The emergency appeal filed by Mountain Valley Pipeline with the U.S. Supreme Court will likely be heard by Chief Justice John Roberts, according to U.S. Sen. Shelley Moore Capito, R-W.Va.

Capito is one of nearly a dozen lawmakers who have signed onto an amicus brief in support of Mountain Valley Pipeline, LLC’s, emergency application to vacate the latest stay against the project issued by the 4th Circuit Court of Appeals in Richmond, Va.

The natural gas pipeline project for West Virginia and neighboring Virginia was set to resume construction earlier this month after the U.S. Congress approved bipartisan legislation that ratified and approved all of the necessary permits for the project. The same law also stripped the 4th Circuit from jurisdiction over the case. President Joe Biden signed the measure into law.

Still, the 4th Circuit Court of Appeals issued a stay on the MVP project.

Capito said the emergency appeal will likely be heard by Chief Justice Roberts, who could issue a singular ruling without the full Supreme Court hearing the case.

“Well, I think in this case if I’m understanding the process correctly, the decision goes to the justice overseeing the 4th Circuit in emergency situations,” Capito said during her weekly virtual briefing Thursday. “So the MVP Equitrans, who is the MVP constructor or developer, has appealed this decision in an emergency basis, which means Justice John Roberts will hear that because he is the one that oversees the 4th Circuit. Now he can make a singular decision or it can go to the full court. But a lot of time in these emergencies they make a singular decision. So I would look for that to be the case because MVP is going up against a deadline because they can’t construct properly in through the winter months for obvious reasons.”

Capito said there is still time for construction on the pipeline to resume before winter arrives with a positive ruling from the high court.

“That is why this emergency opinion is being sought,” she said. “I feel confident, I’m confidently hopeful, that Justice Roberts will be affirmative in his decision of what Congress has done here.”

Capito said the Mountain Valley Pipeline, once it is finished, will carry 3 percent of the nation’s natural gas production.

“Well, first of all the Mountain Valley Pipeline is about 95 percent complete,” Capito said. “It is a pipeline that goes from our Marcellus Shale development, where we have a huge proliferation of natural gas.

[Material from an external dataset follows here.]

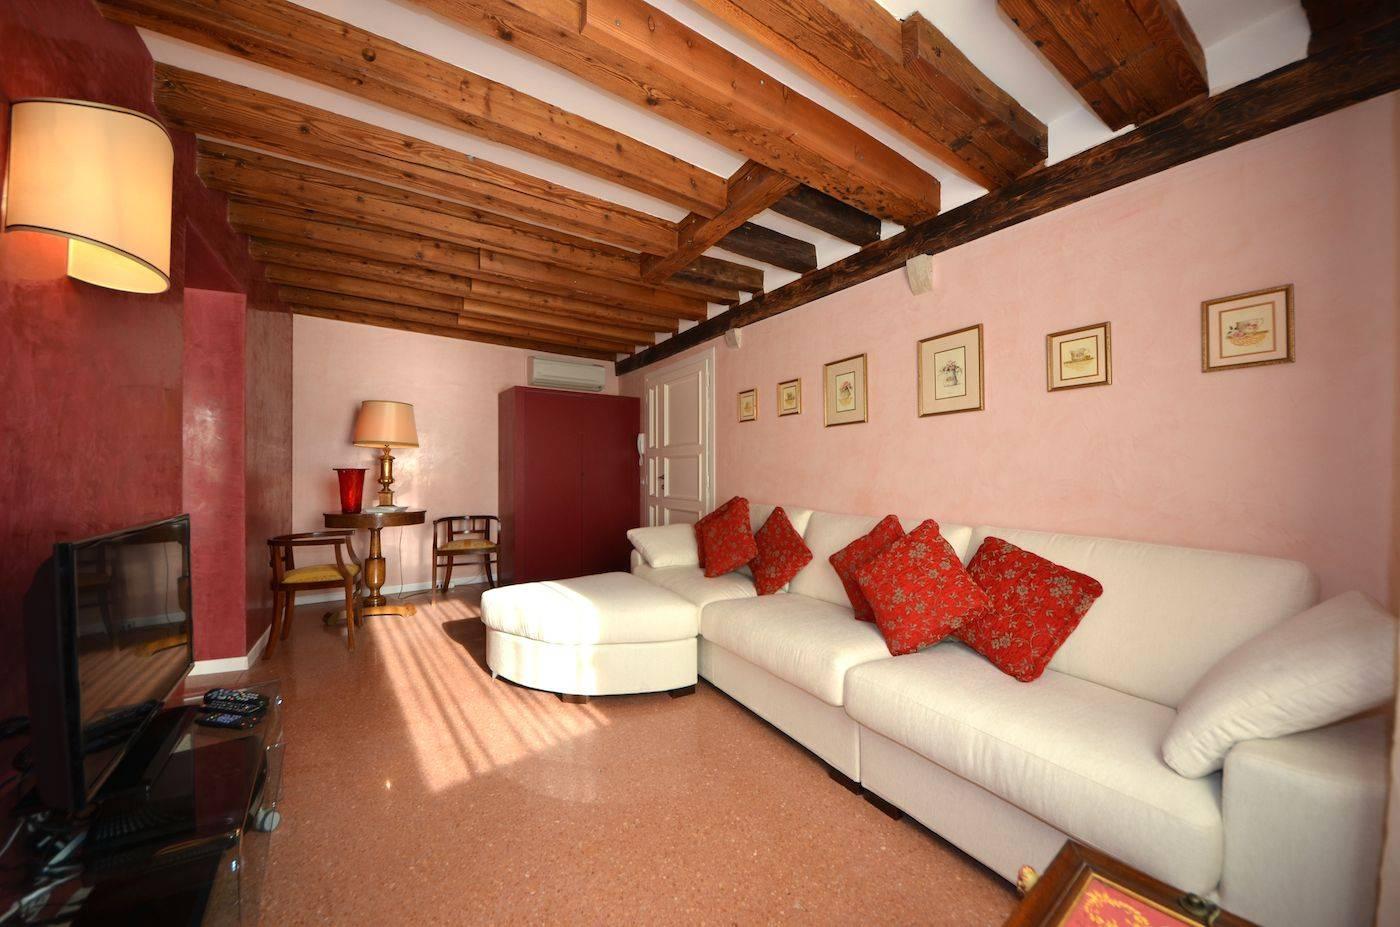 terrazzo veneziano flooring, stucco veneziano paint and wood-beamed ceilings

It goes through West Virginia and through Virginia and down to North Carolina, so it is serving the Eastern Seaboard.”

Capito, who has been critical of the 4th Circuit Court of Appeals, again Thursday said the MVP project hasn’t gotten “a fair shake from the 4th Circuit. It’s very rigged.”

Lawmakers who have signed onto an amicus brief in the case include Capito, U.S. Sen. Joe Manchin, D-W.Va., U.S. Rep. Carol Miller, R-W.Va., U.S. Rep. Alex Mooney, R-W.Va., U.S. Rep. Guy Reschenthaler, R-Pa., U.S. Rep. Jeff Duncan, R-S.C., U.S. Rep. Bill Johnson, R-Ohio, U.S. Rep. John Joyce, R-Pa., U.S. Rep. Mike Kelly, R-Pa., and U.S. Rep. Dan Meuser, R-Pa.

West Virginia Gov. Jim Justice, also a Republican, has said he too will file an amicus brief in the case to restart the MVP construction.

The 303-mile, 42-inch-diameter pipeline, which will carry natural gas from north-central West Virginia to Chatham, Va., was slated to be finished by late 2018 at a cost of about $3.2 billion. Protests and federal permitting court cases have delayed the project and increased its cost to about $6.5 billion.

One unfinished section of the project is a 3.5-mile stretch through the Jefferson National Forest across Peters Mountain in Monroe County into Giles County.